Маринка тараторила, рассказывая, как они с Наташей делали стенгазету ко дню рождения классной руководительницы. Родители слушали, улыбались, а мысли всё возвращались к неприятному разговору.
Присяга
Прошёл месяц «карантина». Повзводно и ротой курсанты учебки отработали движение в колонне. Каждый взвод разучил строевую песню. Уже громогласно приветствовали офицеров. Отработано и отточено движение строевым шагом. Выход из строя и постановка обратно. Подход и отход от офицера. Доклад. И много армейских премудростей, в том числе и с боевым оружием. Наизусть, да так, что в любое время дня и ночи от зубов отскакивали, выучили Гимн СССР, Присягу и столь необходимые в учебной роте обязанности дневальных и дежурных из Устава внутренней службы.
Парадное обмундирование подогнано под каждого владельца. Ещё бы, в торжественный день принятия Присяги в части день открытых дверей для родителей, родственников и знакомых. День назначен заблаговременно. Практически каждая семья, чей сын находился в учебной роте, получила приглашение. Конечно, далеко не все могли приехать, но главное — внимание и уважение к людям, чьи дети несут службу в вооружённых силах СССР.
Несмотря на торжественный день, его начало ничем не отличалось от всех предшествовавших. Подъём в шесть тридцать. Зарядка. Наведение порядка. Время на личную гигиену. Утренняя поверка. Утренний осмотр. Завтрак. С его окончанием начал меняться привычный распорядок дня.
Каждый был занят собой. Убирались последние огрехи. Кто-то подравнивал уже слегка отросшие волосы. Кто-то драил и без того до блеска начищенные сапоги. Кто-то натирал до зеркального блеска бляхи. Где-то в укромных местечках казарменного расположения, так, чтобы не видели сержанты и офицеры, отбивались фуражки. Им придавался более торжественный вид. Менялись, растягивались и оттягивались пружины, чтобы придать лёгкую волнообразную форму. Оттирались и полировались поверхности белых ремней.
— Рота! Строиться! — дневальными в столь торжественный для «салаг» день стояли сержанты.
— Сейчас одеваемся в парадную форму. Через пятнадцать минут быть готовыми повзводно к получению оружия, — сделал сообщение перед построившейся ротой старшина. — Разойдись!

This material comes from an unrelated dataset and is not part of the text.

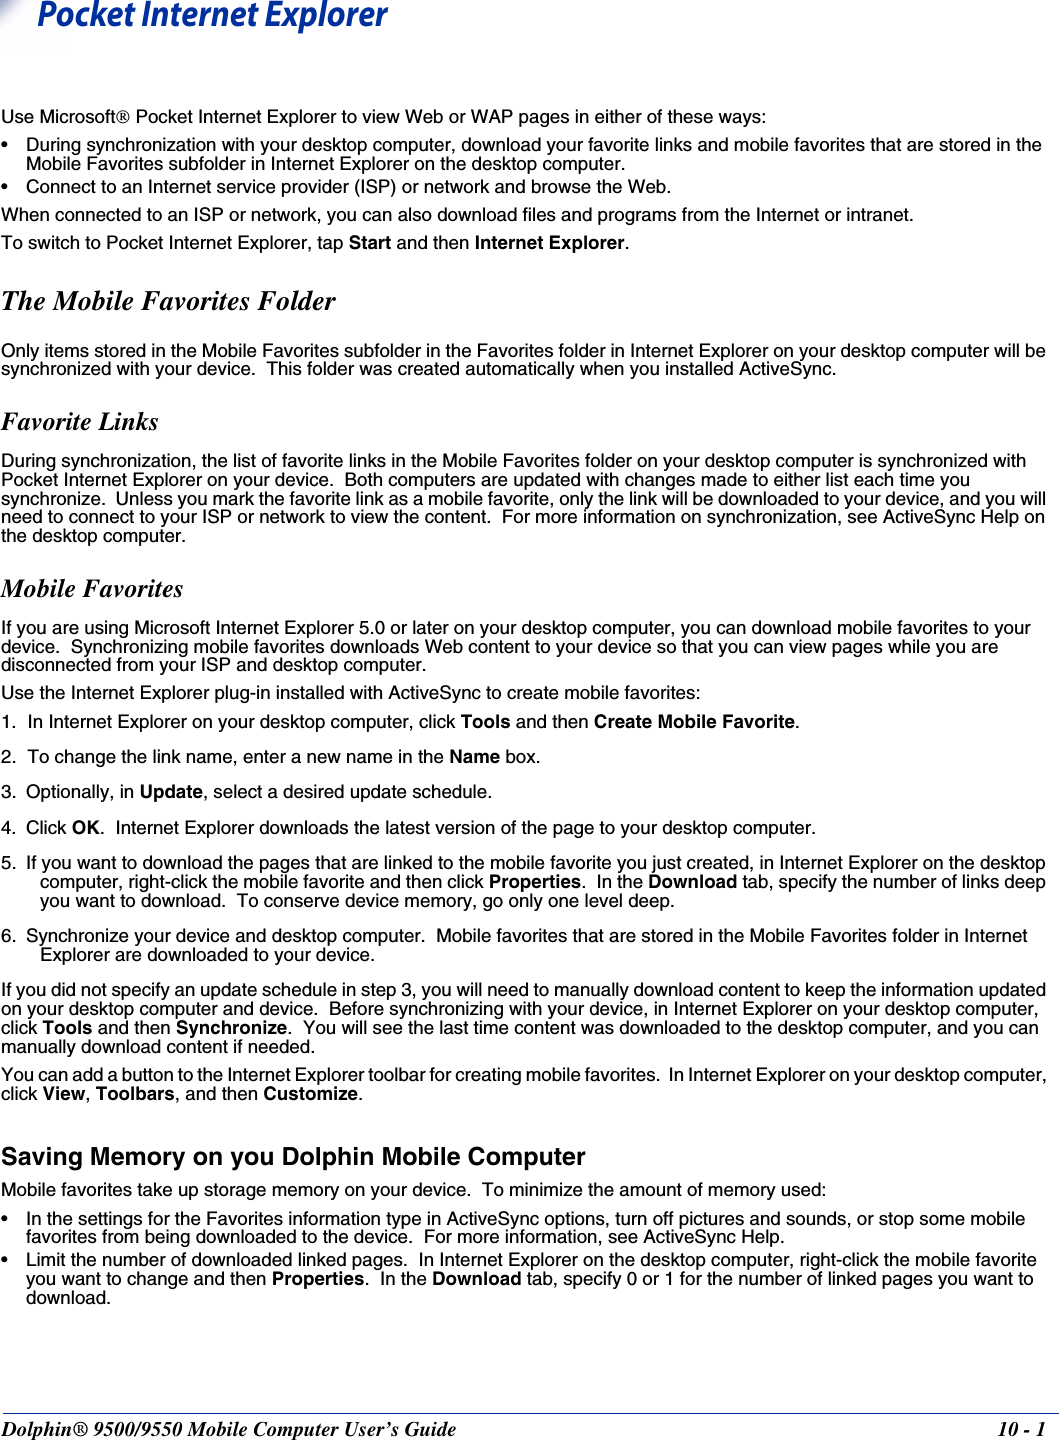 Dolphin® 9500/9550 Mobile Computer User’s Guide 10 - 110Pocket Internet Explorer Use Microsoft Pocket Internet Explorer to view Web or WAP pages in either of these ways:• During synchronization with your desktop computer, download your favorite links and mobile favorites that are stored in the Mobile Favorites subfolder in Internet Explorer on the desktop computer.• Connect to an Internet service provider (ISP) or network and browse the Web.  When connected to an ISP or network, you can also download files and programs from the Internet or intranet.To switch to Pocket Internet Explorer, tap Start and then Internet Explorer.The Mobile Favorites FolderOnly items stored in the Mobile Favorites subfolder in the Favorites folder in Internet Explorer on your desktop computer will be synchronized with your device.  This folder was created automatically when you installed ActiveSync.  Favorite LinksDuring synchronization, the list of favorite links in the Mobile Favorites folder on your desktop computer is synchronized with Pocket Internet Explorer on your device.  Both computers are updated with changes made to either list each time you synchronize.  Unless you mark the favorite link as a mobile favorite, only the link will be downloaded to your device, and you will need to connect to your ISP or network to view the content.  For more information on synchronization, see ActiveSync Help on the desktop computer.Mobile Favorites If you are using Microsoft Internet Explorer 5.0 or later on your desktop computer, you can download mobile favorites to your device.  Synchronizing mobile favorites downloads Web content to your device so that you can view pages while you are disconnected from your ISP and desktop computer.Use the Internet Explorer plug-in installed with ActiveSync to create mobile favorites:1. In Internet Explorer on your desktop computer, click Tools and then Create Mobile Favorite.2. To change the link name, enter a new name in the Name box.  3. Optionally, in Update, select a desired update schedule.4. Click OK.  Internet Explorer downloads the latest version of the page to your desktop computer.5. If you want to download the pages that are linked to the mobile favorite you just created, in Internet Explorer on the desktop computer, right-click the mobile favorite and then click Properties.  In the Download tab, specify the number of links deep you want to download.  To conserve device memory, go only one level deep.6. Synchronize your device and desktop computer.  Mobile favorites that are stored in the Mobile Favorites folder in Internet Explorer are downloaded to your device.If you did not specify an update schedule in step 3, you will need to manually download content to keep the information updated on your desktop computer and device.  Before synchronizing with your device, in Internet Explorer on your desktop computer, click Tools and then Synchronize.  You will see the last time content was downloaded to the desktop computer, and you can manually download content if needed.You can add a button to the Internet Explorer toolbar for creating mobile favorites.  In Internet Explorer on your desktop computer, click View, Toolbars, and then Customize.Saving Memory on you Dolphin Mobile ComputerMobile favorites take up storage memory on your device.  To minimize the amount of memory used:• In the settings for the Favorites information type in ActiveSync options, turn off pictures and sounds, or stop some mobile favorites from being downloaded to the device.  For more information, see ActiveSync Help.• Limit the number of downloaded linked pages.  In Internet Explorer on the desktop computer, right-click the mobile favorite you want to change and then Properties.  In the Download tab, specify 0 or 1 for the number of linked pages you want to download.

Облачившаяся в парадную форму, рота преобразилась. Торжественный вид придавал серьёзность и взрослость. Старшина выдал каждому белые перчатки.
— Первый взвод! Возле оружейной комнаты… для получения оружия… Строиться!
— Второй взвод! Возле оружейной комна…..
— Третий взвод! Возле…
Получили оружие. Автоматы уже заранее были закреплены за каждым курсантом.
— Рота! Для торжественного принятия присяги! Выходи на улицу!